Instructions to follow: Everything in the listing below needs restating exactly, apart from the pictures.

Raw data:

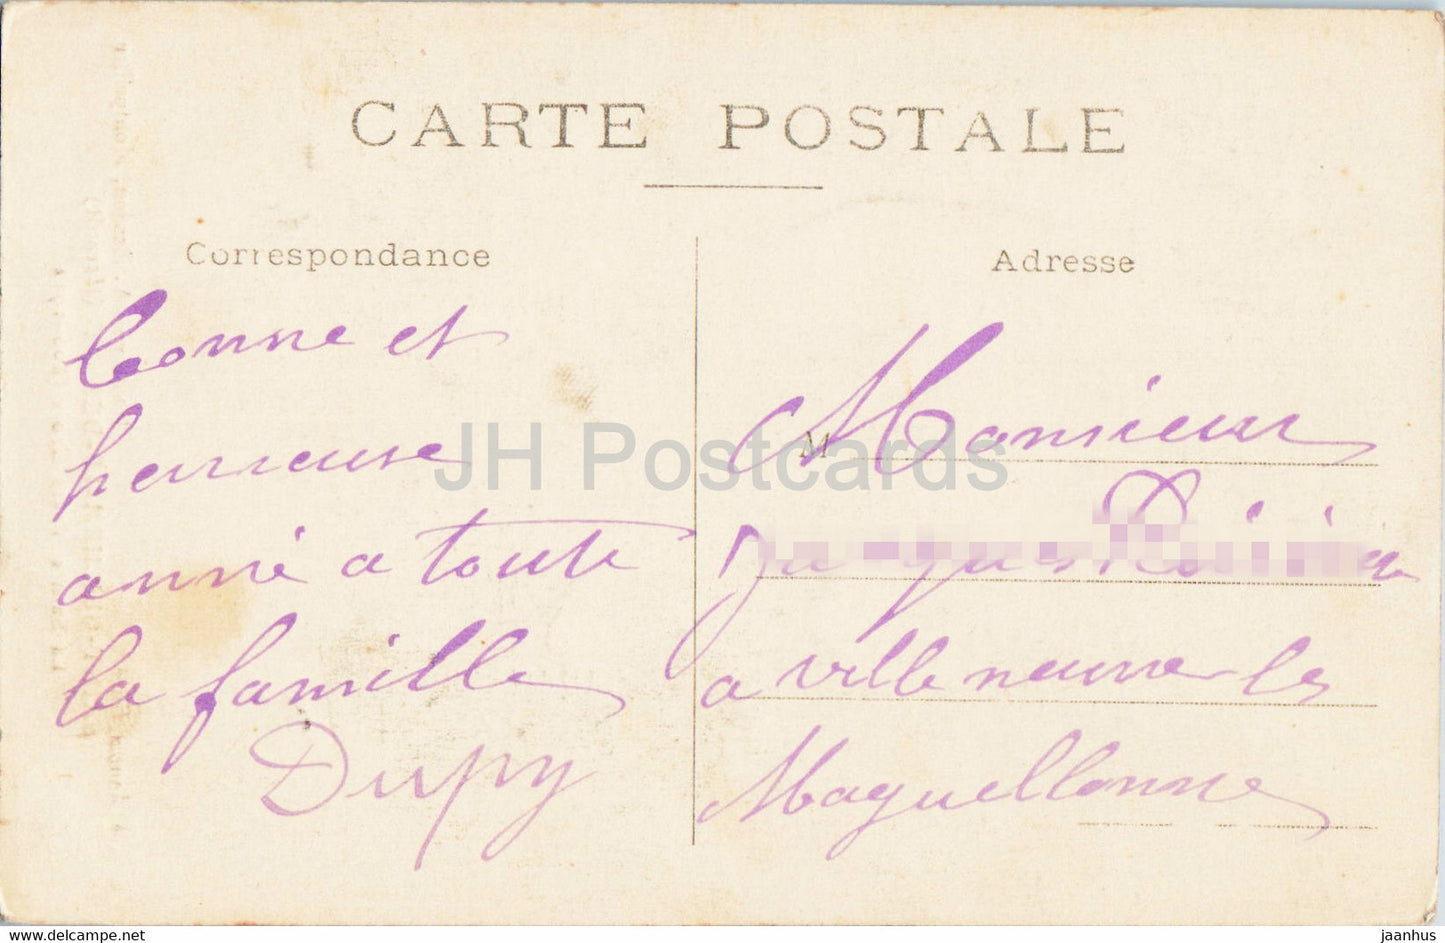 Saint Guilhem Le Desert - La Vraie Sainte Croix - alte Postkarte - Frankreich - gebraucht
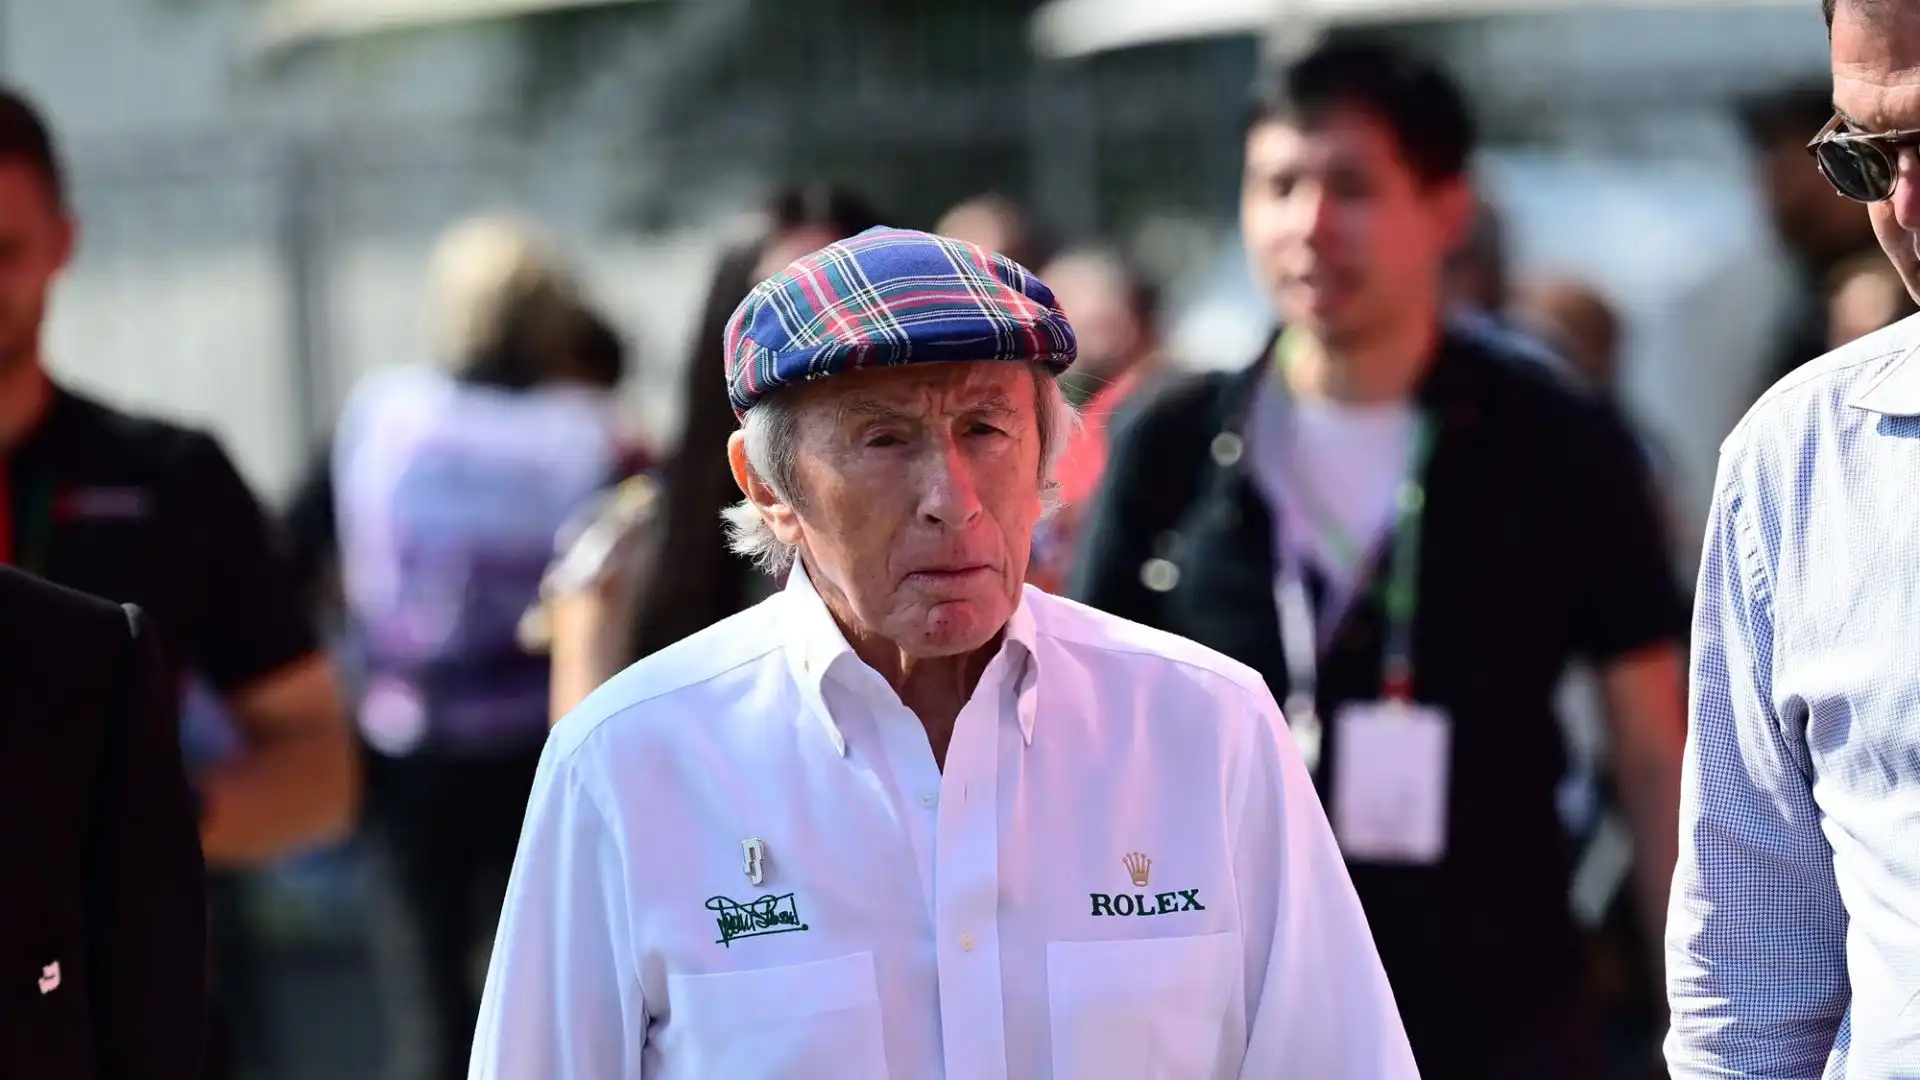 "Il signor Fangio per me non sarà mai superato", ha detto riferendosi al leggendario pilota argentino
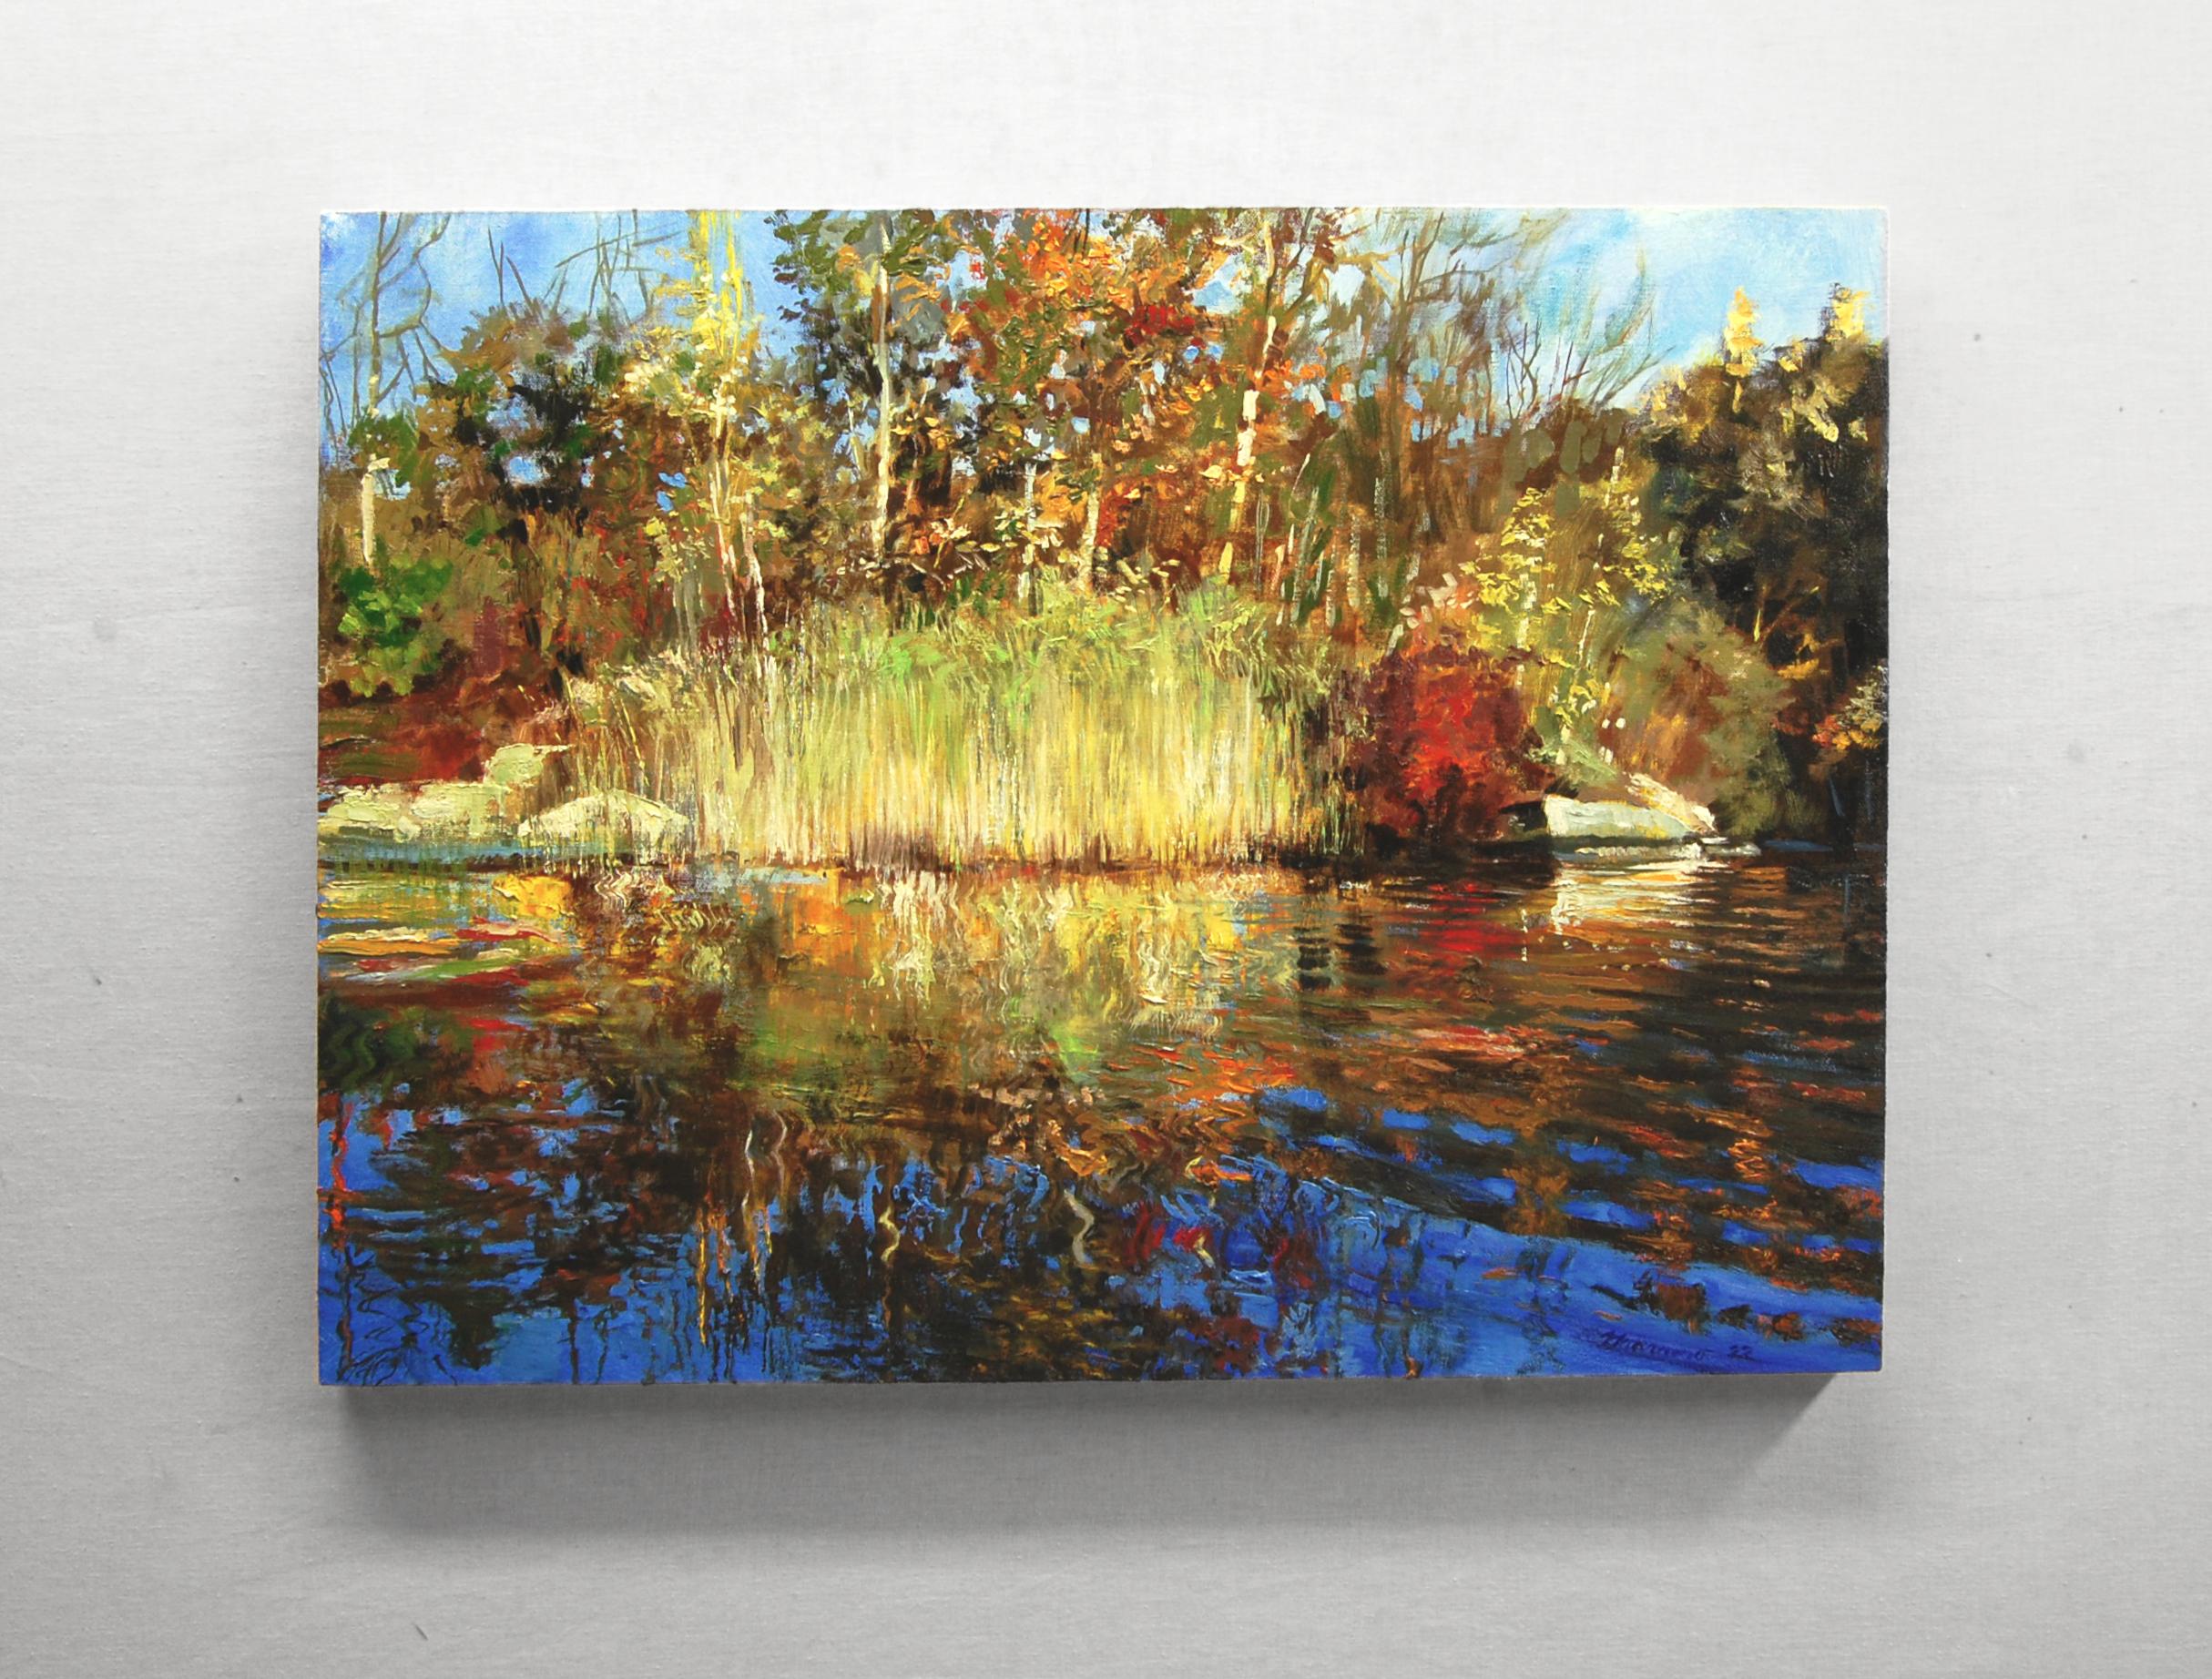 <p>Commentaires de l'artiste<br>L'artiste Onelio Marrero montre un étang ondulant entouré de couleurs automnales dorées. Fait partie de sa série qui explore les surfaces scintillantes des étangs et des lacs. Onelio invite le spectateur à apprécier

Output below:
 Saint Guilhem Le Desert - La Vraie Sainte Croix - alte Postkarte - Frankreich - gebraucht
 "Il signor Fangio per me non sarà mai superato", ha detto riferendosi al leggendario pilota argentino
 <p>Commentaires de l'artiste<br>L'artiste Onelio Marrero montre un étang ondulant entouré de couleurs automnales dorées. Fait partie de sa série qui explore les surfaces scintillantes des étangs et des lacs. Onelio invite le spectateur à apprécier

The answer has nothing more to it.